Description of problem: pcsd fails to start on fedora 19 (minimal install); ==== Jun 15 12:39:44 pcmk1 systemd: Starting PCS GUI... Jun 15 12:39:44 pcmk1 systemd: Started PCS GUI. Jun 15 12:39:45 pcmk1 pcsd: Starting pcsd: /usr/share/rubygems/rubygems/core_ext/kernel_require.rb:45:in `require': cannot load such file -- rpam_ext (LoadError) Jun 15 12:39:45 pcmk1 pcsd: from /usr/share/rubygems/rubygems/core_ext/kernel_require.rb:45:in `require' Jun 15 12:39:45 pcmk1 pcsd: from /usr/lib/pcsd/gemhome/gems/rpam-ruby19-1.2.1/lib/rpam.rb:1:in `<top (required)>' Jun 15 12:39:45 pcmk1 pcsd: from /usr/share/rubygems/rubygems/core_ext/kernel_require.rb:110:in `require' Jun 15 12:39:45 pcmk1 pcsd: from /usr/share/rubygems/rubygems/core_ext/kernel_require.rb:110:in `rescue in require' Jun 15 12:39:45 pcmk1 pcsd: from /usr/share/rubygems/rubygems/core_ext/kernel_require.rb:35:in `require' Jun 15 12:39:45 pcmk1 pcsd: from /usr/lib/pcsd/auth.rb:4:in `<top (required)>' Jun 15 12:39:45 pcmk1 pcsd: from /usr/share/rubygems/rubygems/core_ext/kernel_require.rb:45:in `require' Jun 15 12:39:45 pcmk1 pcsd: from /usr/share/rubygems/rubygems/core_ext/kernel_require.rb:45:in `require' Jun 15 12:39:45 pcmk1 pcsd: from /usr/lib/pcsd/pcsd.rb:11:in `<top (required)>' Jun 15 12:39:45 pcmk1 pcsd: from /usr/share/rubygems/rubygems/core_ext/kernel_require.rb:45:in `require' Jun 15 12:39:45 pcmk1 pcsd: from /usr/share/rubygems/rubygems/core_ext/kernel_require.rb:45:in `require' Jun 15 12:39:45 pcmk1 pcsd: from /usr/lib/pcsd/ssl.rb:47:in `<main>' Jun 15 12:39:45 pcmk1 pcsd: [FAILED] ==== Version-Release number of selected component (if applicable): pcs-0.9.44-4.fc19.x86_64 How reproducible: 100% Steps to Reproduce: 1. Install 'pacemaker corosync pcs' 2. Try to start 'pcsd', examine logs 3. Actual results: Fails to start. Expected results: Starts. Additional info: Updated the OS prior to testing.

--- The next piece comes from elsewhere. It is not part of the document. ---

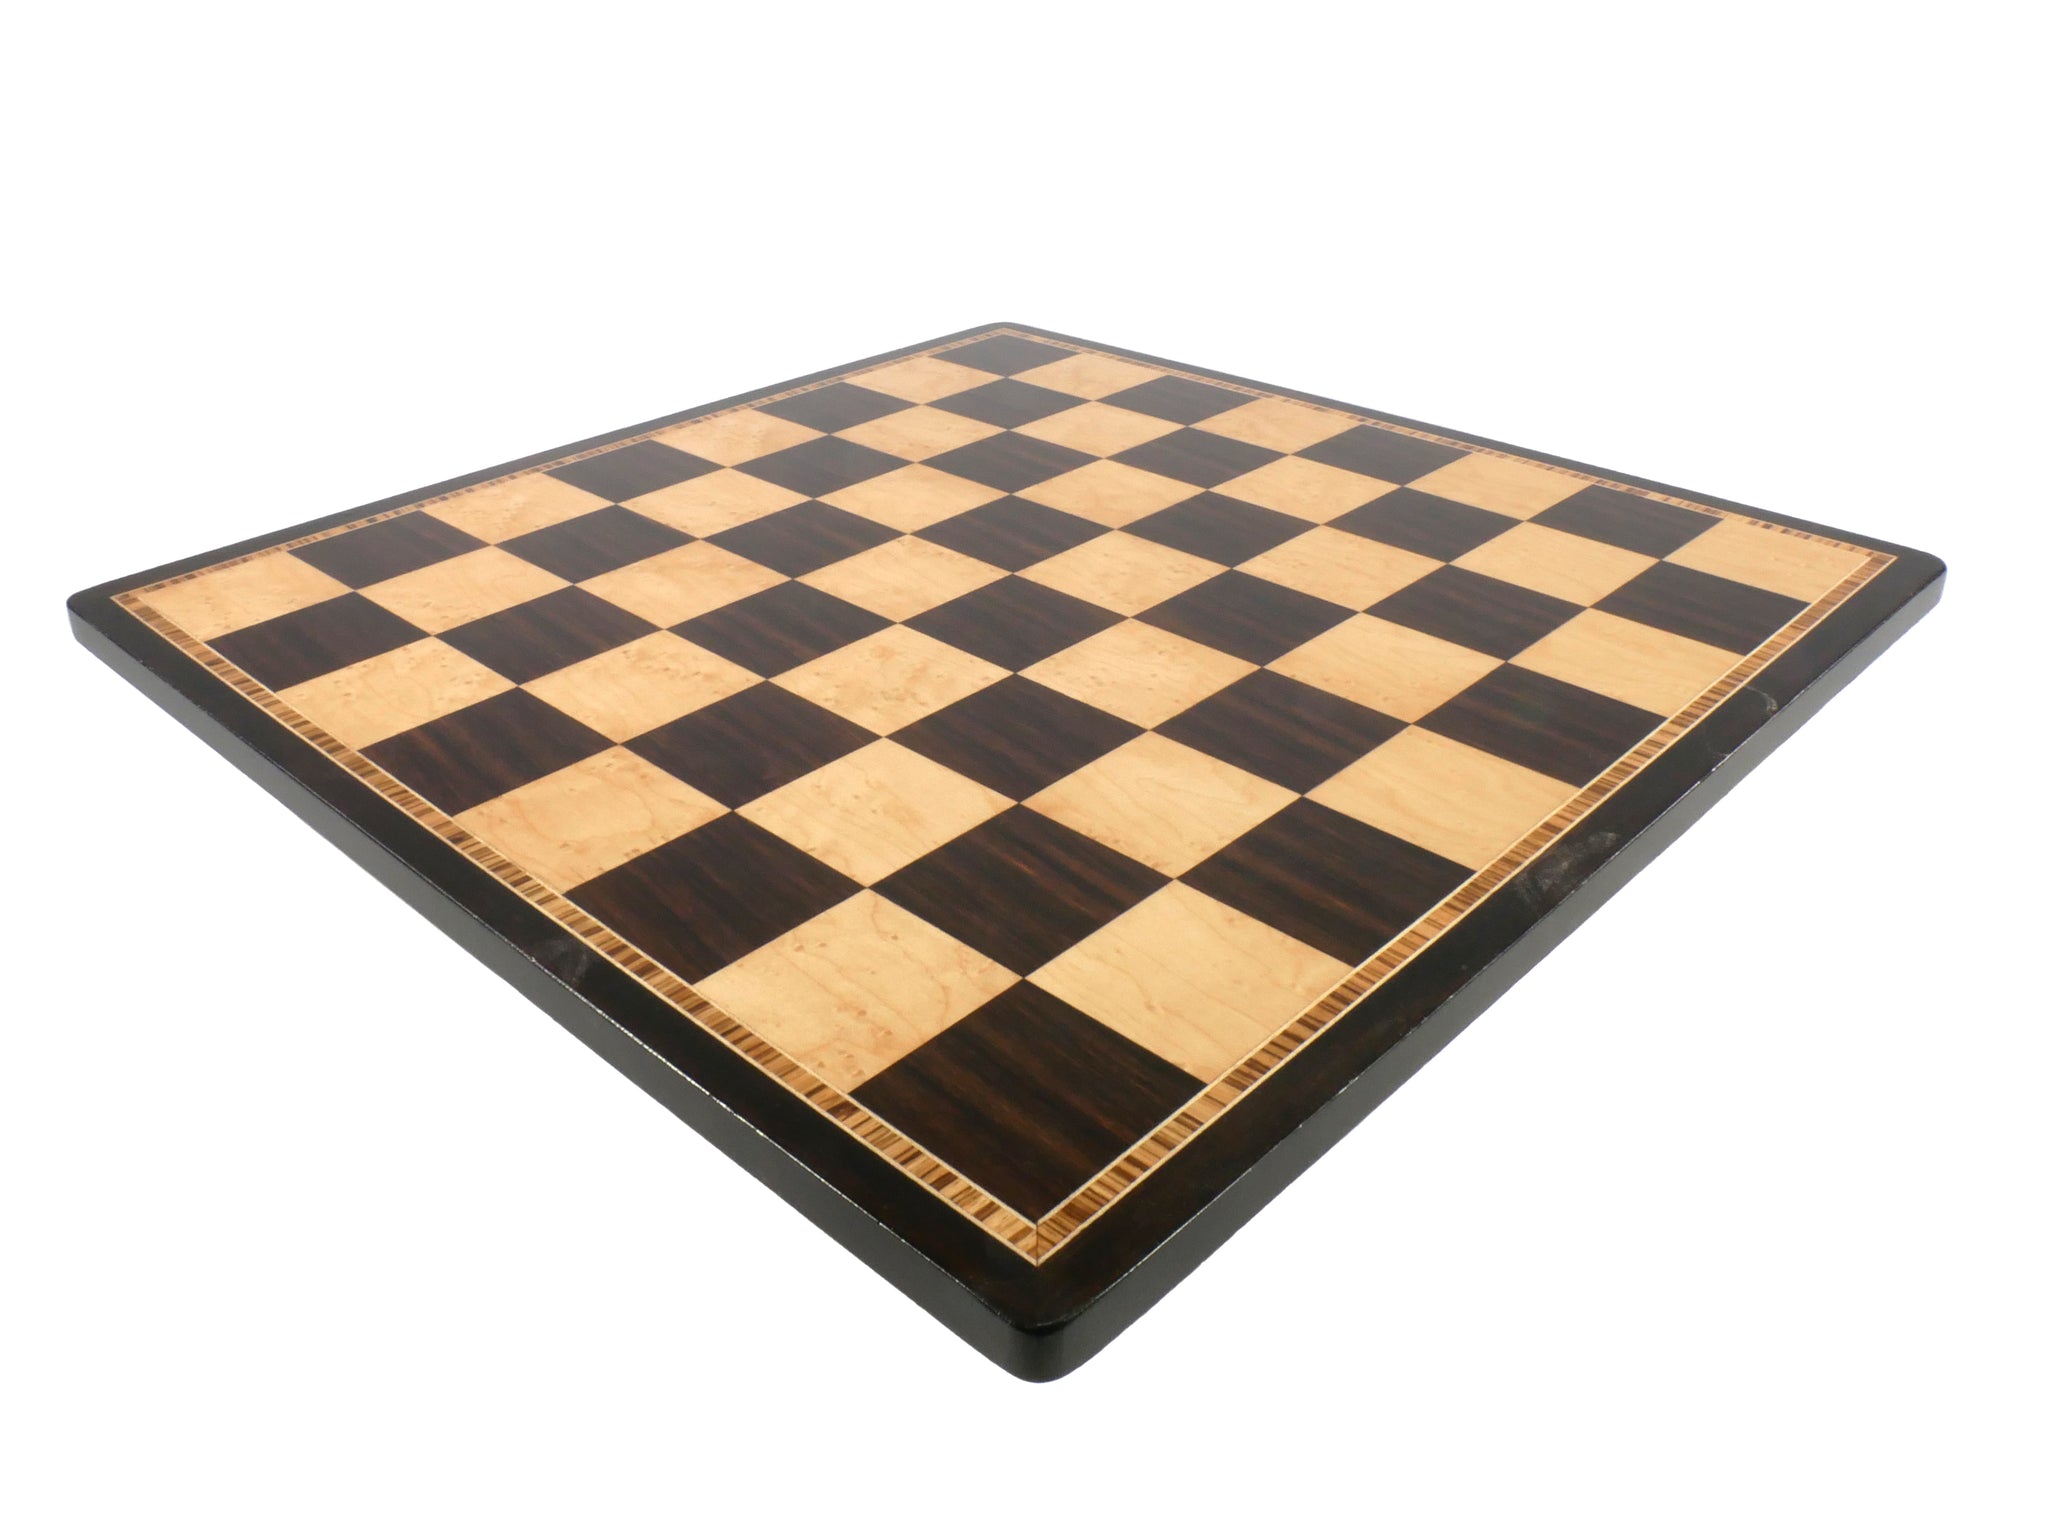 Chess Board - 17" Ebony & Birdseye Maple Chess Board

Tried to manually install rpam gem, failed with: ==== [root@pcmk1 ~]# gem install rpam Fetching: rpam-1.0.1.gem (100%) Building native extensions. This could take a while... ERROR: Error installing rpam: ERROR: Failed to build gem native extension. /usr/bin/ruby extconf.rb mkmf.rb can't find header files for ruby at /usr/share/include/ruby.h Gem files will remain installed in /usr/local/share/gems/gems/rpam-1.0.1 for inspection. Results logged to /usr/local/share/gems/gems/rpam-1.0.1/ext/Rpam/gem_make.out ==== Installing 'gcc ruby-devel pam-devel' and 'gem install rpam' worked. Tried starting 'pcsd' and it appears to now work. So, the pcsd package is missing the 'rpam' gem.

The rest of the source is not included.